Le marché unique devient un instrument pour ouvrir des marchés d'exportation, notamment allemandes, au lieu d'un instrument de protection, comme le voulaient les français et les italiens. Les standards techniques sont alors uniformisés sur des critères supérieurs, propres aux véhicules allemands.

Commence alors une lutte entre les français, les italiens, d’un côté, et les allemands, de l’autre, au sein de la commission européenne autour des réglementations. L’Allemagne fait notamment un intense travail de lobbying auprès du parlement bruxellois. Pourtant, les objectifs de CO2 pondérés au poids est une mauvaise chose pour l’environnement. Avec ceci, on réussit à jouer avec les objectifs contraignants de la régulation européenne.

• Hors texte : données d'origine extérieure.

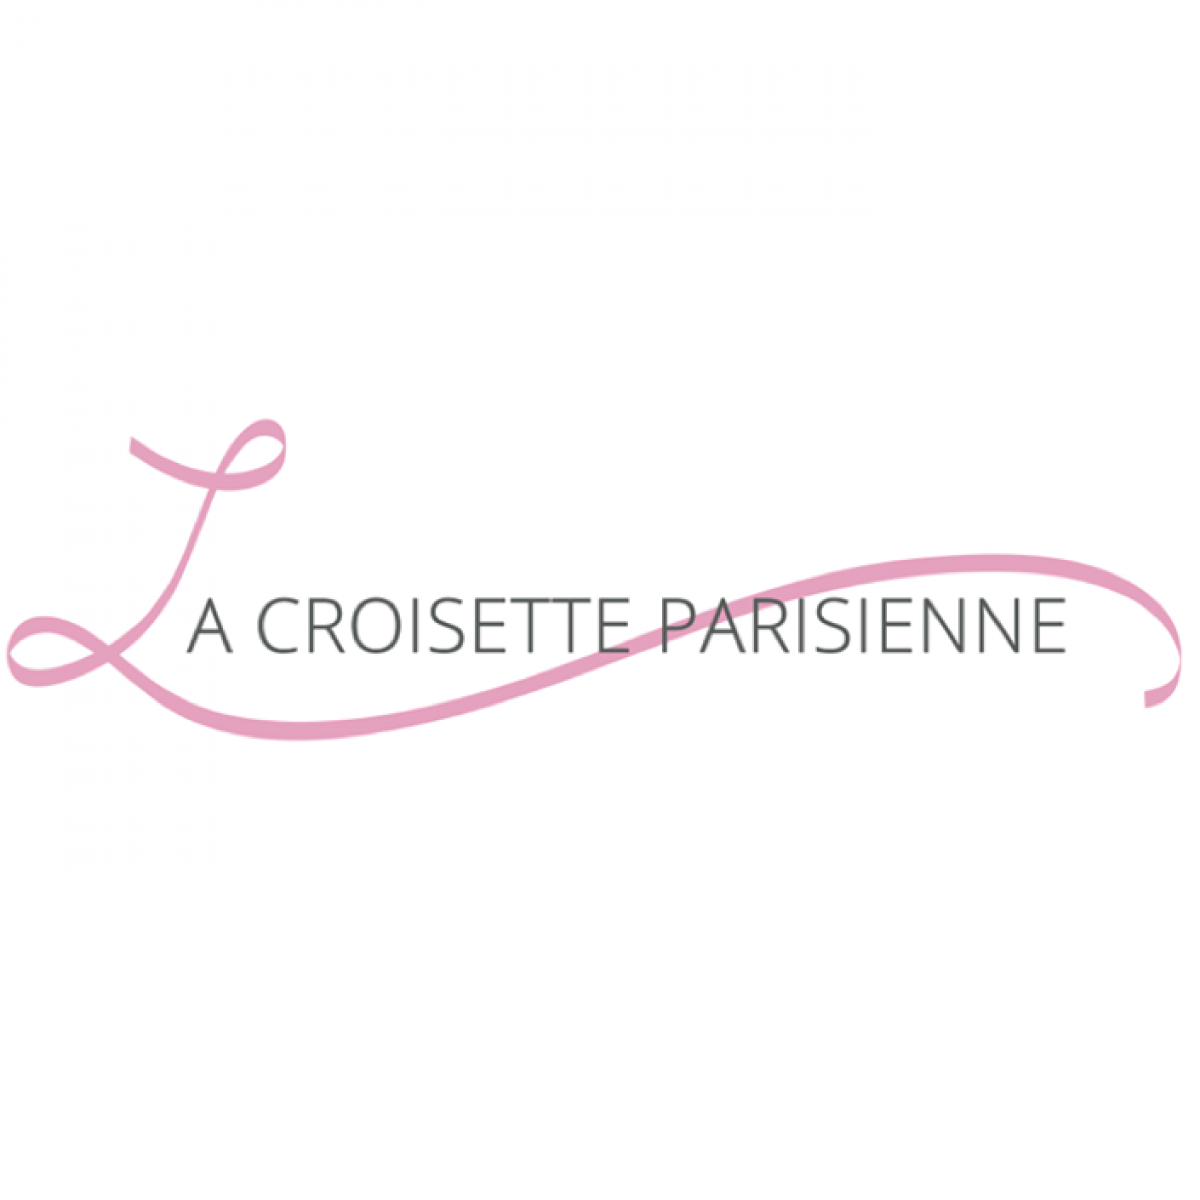 La Croisette Parisienne

Cette montée en gamme est donc le résultat direct d’une lutte entre deux modèles économiques, et de la réglementation qui s'en suit. Pourtant, une descente en gamme est ce qui aurait permis de réduire les émissions.

En Allemagne, il n'y a pas de contestation de la conception de contrôle, ce qui impliquerait une dénonciation des objectifs au poids. Il n’y a qu'une contestation du moteur thermique : le status quoi reste inchangé. L’électrification ne vient que remplacer le diesel, elle est un simple substitut du diesel. À ceci s’ajoute le fait que l’électrification est une montée en gamme. Le VE, lorsqu'il était lancé était petit et abordable, alors que le VE aujourd'hui est particulièrement cher.

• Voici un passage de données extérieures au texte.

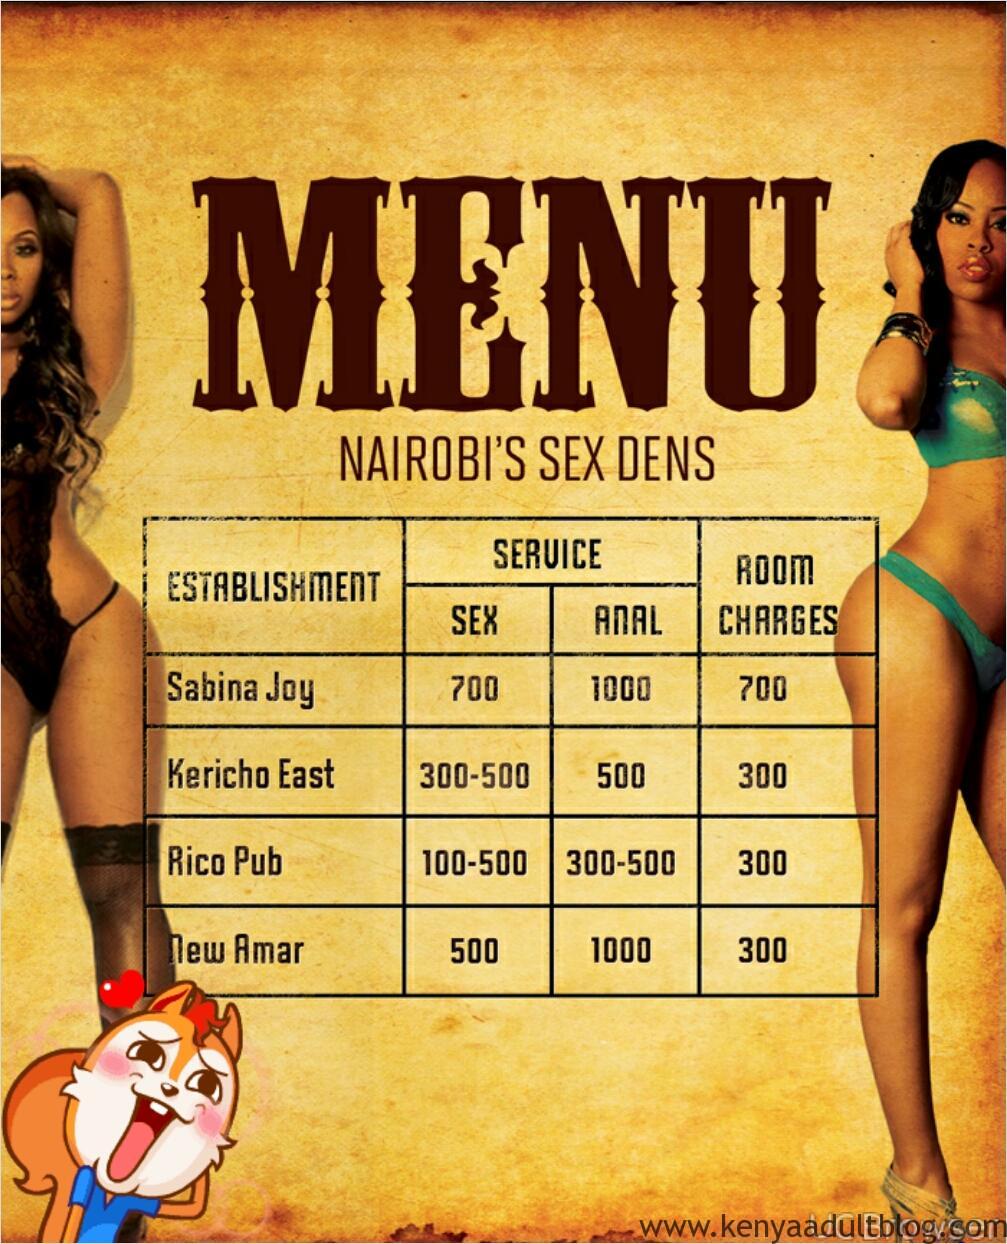 Kenyan Prostitutes Nude

L’électrification était pensée au début comme une technologie appropriée à des véhicules légers, car la batterie est chère et elle pose des problèmes d’autonomie. Ce qui est une absurdité technologique. Des véhicules lourds pour des usages quotidiens, des faibles vitesses et des courtes distances n'a pas de sens. Cela n'a pas plus de sens pour le véhicule électrique.

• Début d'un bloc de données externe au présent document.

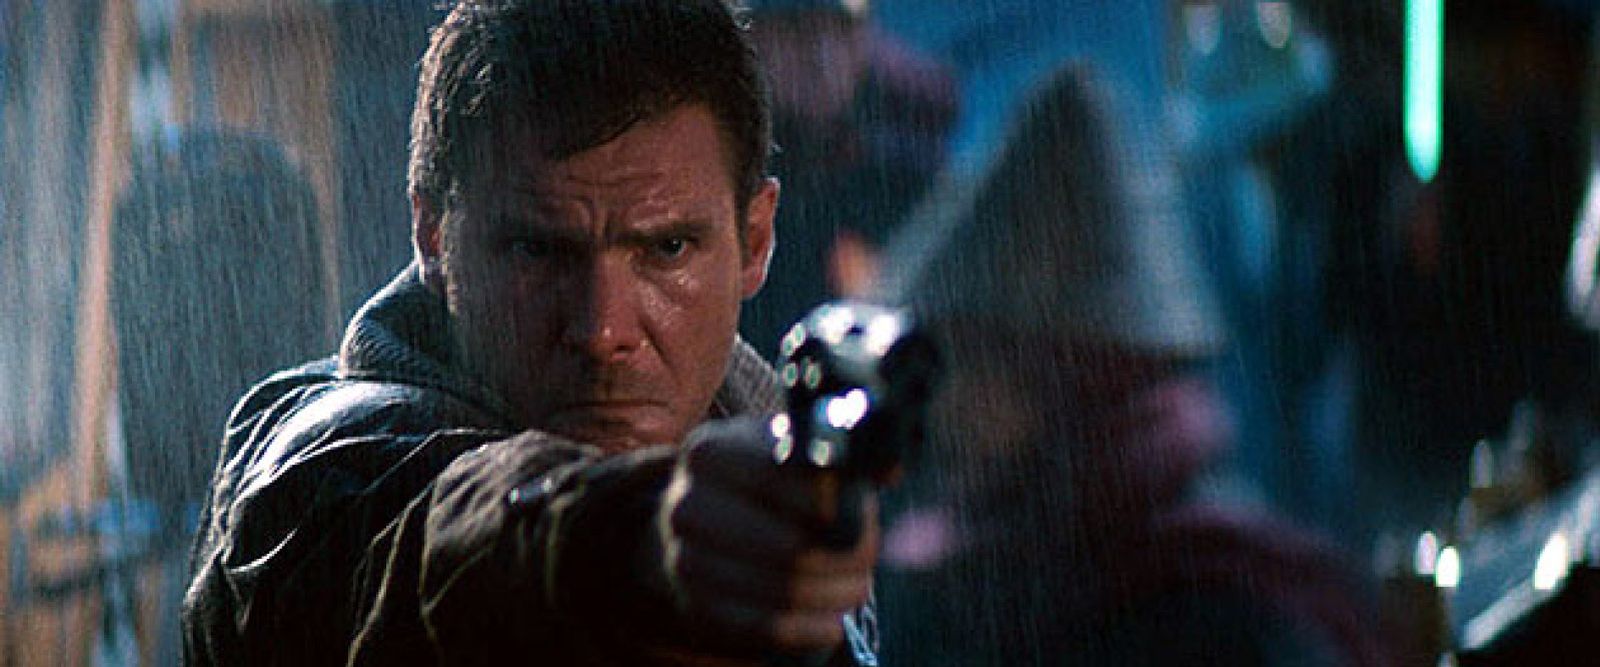 Foto: El arma de Blade Runner, estrella en una subasta de cine

Quelles sont les conséquences sociales et politiques de ces transformations ? Les pays d’Europe centrale et orientale s’équipent de plus en plus en véhicules thermiques d'occasion. Ils s’éloignent des objectifs de réduction d’émissions.
De plus, la structuration d'une conception de contrôle autour du premium est à l’origine de la marche forcée vers l’électrification. De la même façon, l’électrification ne change rien à l'architecture de produit, ni au modèle économique des constructeurs. On a droit à se poser la question de la soutenabilité économique et sociale de la transition écologique.

Que faire ? Il faut rendre les véhicules électriques abordables. Cela implique de produire des véhicules électriques de petite taille en France. Il faut supprimer les objectifs au poids et introduire d’autres critères l’efficacité énergétique. La descente en gamme peut avoir lieu par la mise en place d'une réglementation technique ajustée aux petites voitures électriques.